Шрифт:
ГЛАВА 5
ДЕРЕВЕНСКАЯ ИДИЛЛИЯ
Жизнь в деревне била ключом – новые жители возводили особняк. По крайней мере, так считали деревенские, наблюдая, как груженые КАМАЗы шныряли туда-сюда, подвозя к поповскому дому груды стройматериалов. Грохот на поповой горке не умолкал ни на минуту. От зари да заката стахановцы чеченской бригады месили фундамент, стучали, пилили. В итоге, к началу осени вконец измученные Мария с Николаем, равно одуревшие как от строительной пыли, так и от ежеутренних «аллах акбар» чеченских строителей, въехали в новое жилье. В комнатах пахло краской и свежеструганной древесиной, солнечные зайчики резвились на изразцах камина. За пару месяцев Маша научилась выкладывать затейливую каменную мозаику и теперь любовалась сиянием разноцветных камней, обрамляющих зев камина – этой нелепой по деревенским понятиям роскоши, весело и бессмысленно пожирающей сухие березовые дрова. Игорек на свежем деревенском воздухе загорел, вытянулся и почти перестал горевать по утраченным московским друзьям.
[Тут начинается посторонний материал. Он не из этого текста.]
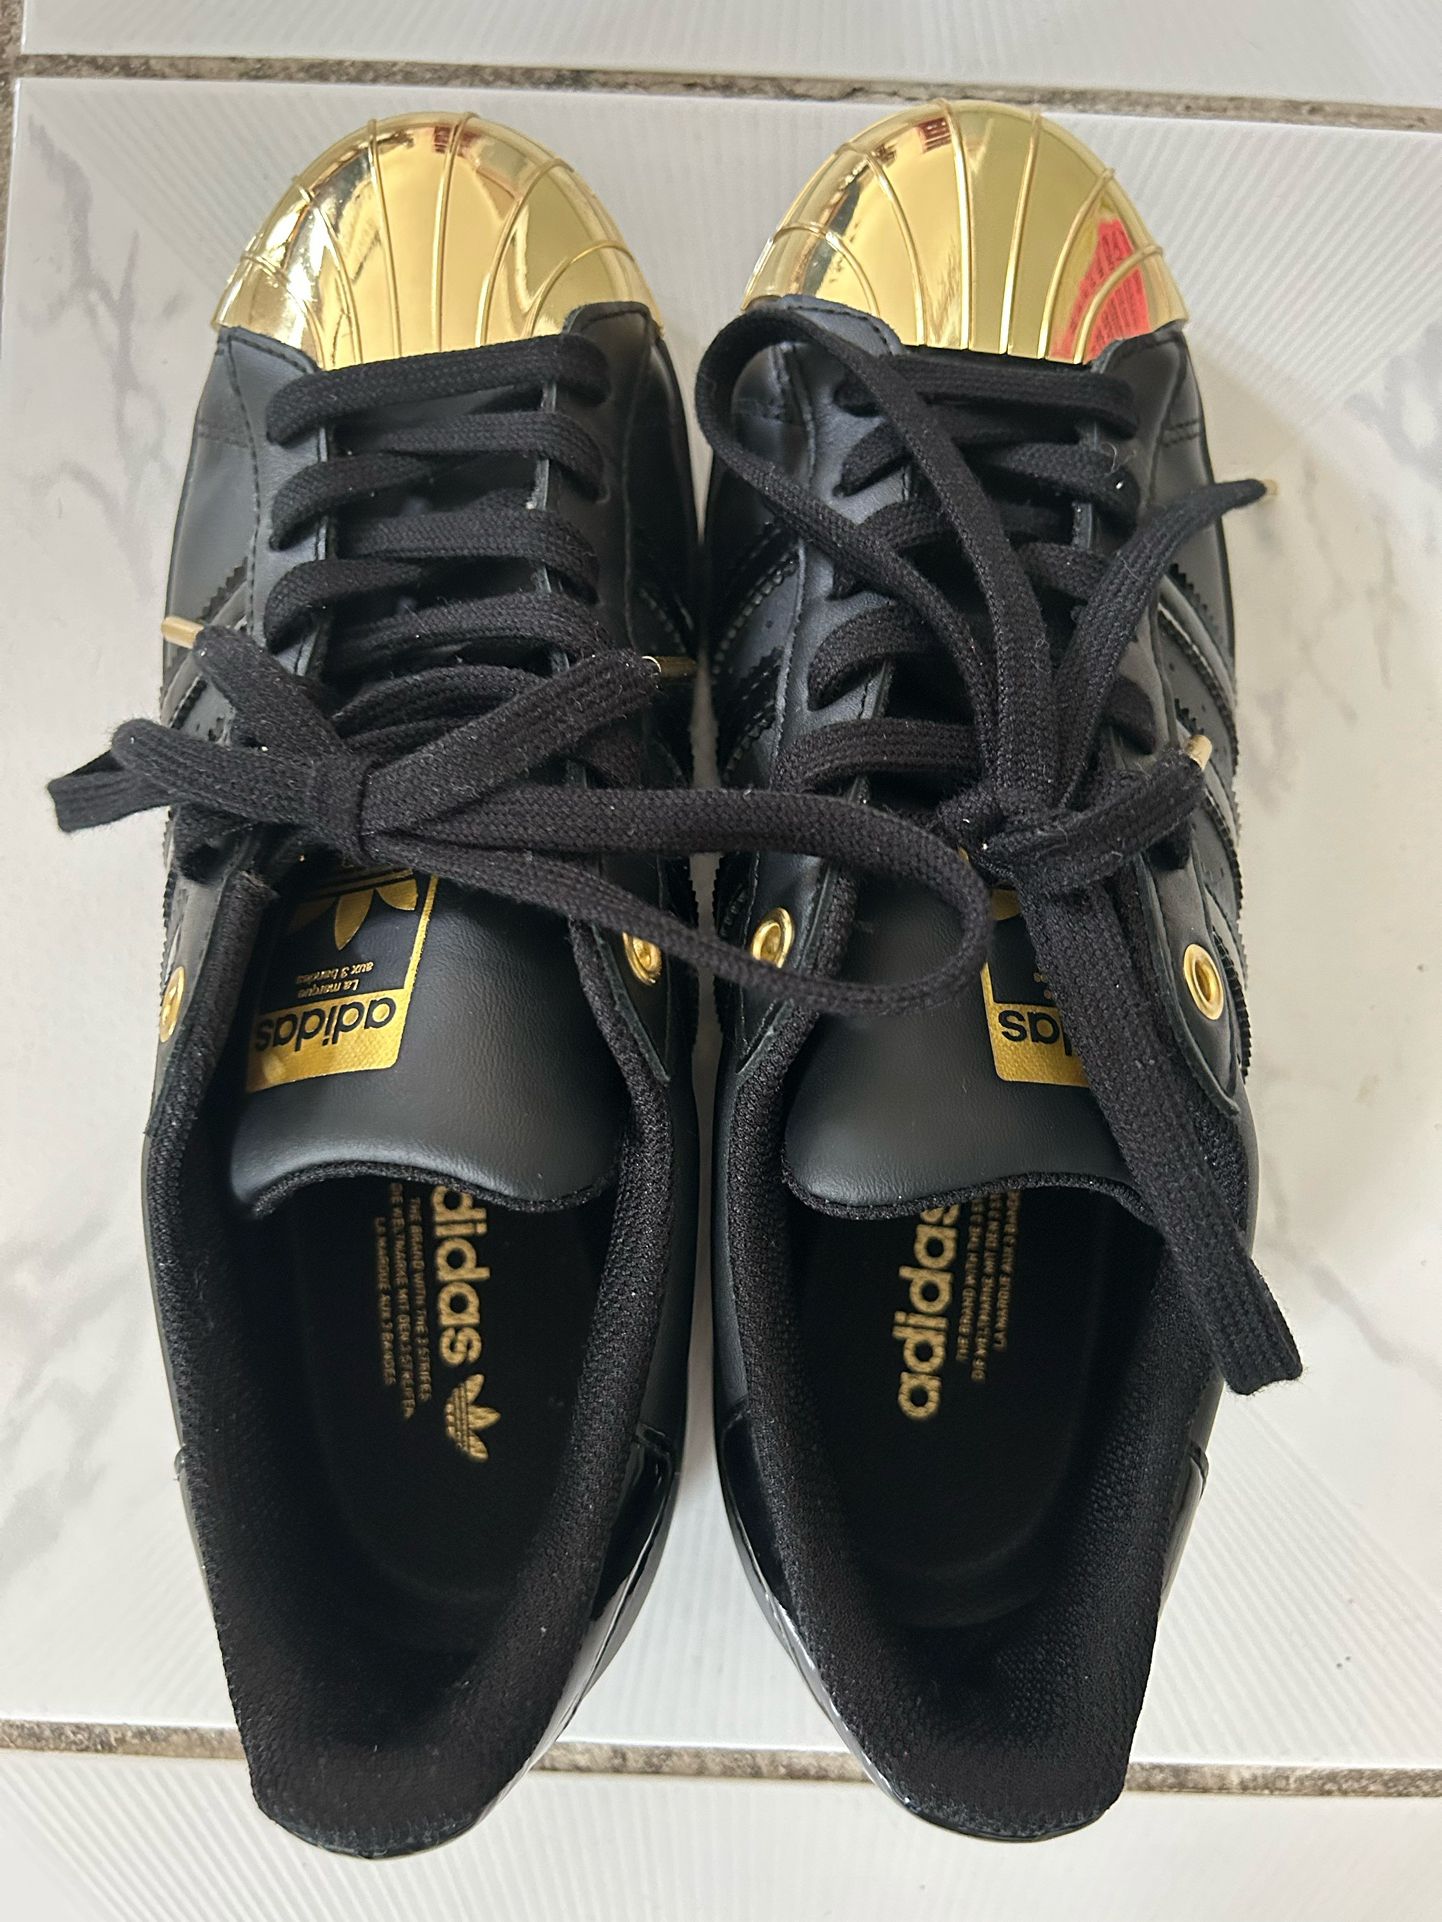 Men’s Adidas Superstar Sneakers With Metallic Golden Toes

После одури последних лет – суетливой, никчемной и бессмысленной жизни вечных скитальцев, Маша впервые за долгие годы ощутила постоянство. Незыблемость, предсказуемость, и, в конце концов, даже надвигающаяся рутина должны были усмирить ее мужа, этого вечного странника, утихомирить его порывы к чему-то новому, необъятному, неуклонно и безжалостно уничтожающему их семейный быт. Да что там быт. По капле, год за годом, улетучивалась ее вера в одаренность Николая. Таяла, исчезала не любовь. Редкие супружеские прикосновения вызывали у Маши брезгливость и чувство телесной гадливости, какая уж там любовь на двадцать пятом году супружества, смех да и только. Исчезало уважение, потому как надобно же, чтобы хоть что-то связывало этих двух, в общем-то, уже чужих друг другу людей.
***
– Машка, ты только придерживай нашего авантюриста, – отец Петр профессионально откупорил бутылку красного вина и наполнил бокалы. Он любил захаживать к Маше на огонек. Здесь, на крохотной деревенской кухне, в сумерках, они подолгу беседовали. О молодости, об одиночестве, о смерти, о том, как быстро летит время, не успеешь и глазом моргнуть, а дороги уже занесены снегом… баня дымит, старую печку давно нужно было бы переложить – да мало ли о чем можно говорить вот так, по-родственному, в равной мере наслаждаясь и незначительностью тем, и безмятежностью, и простым семейным теплом.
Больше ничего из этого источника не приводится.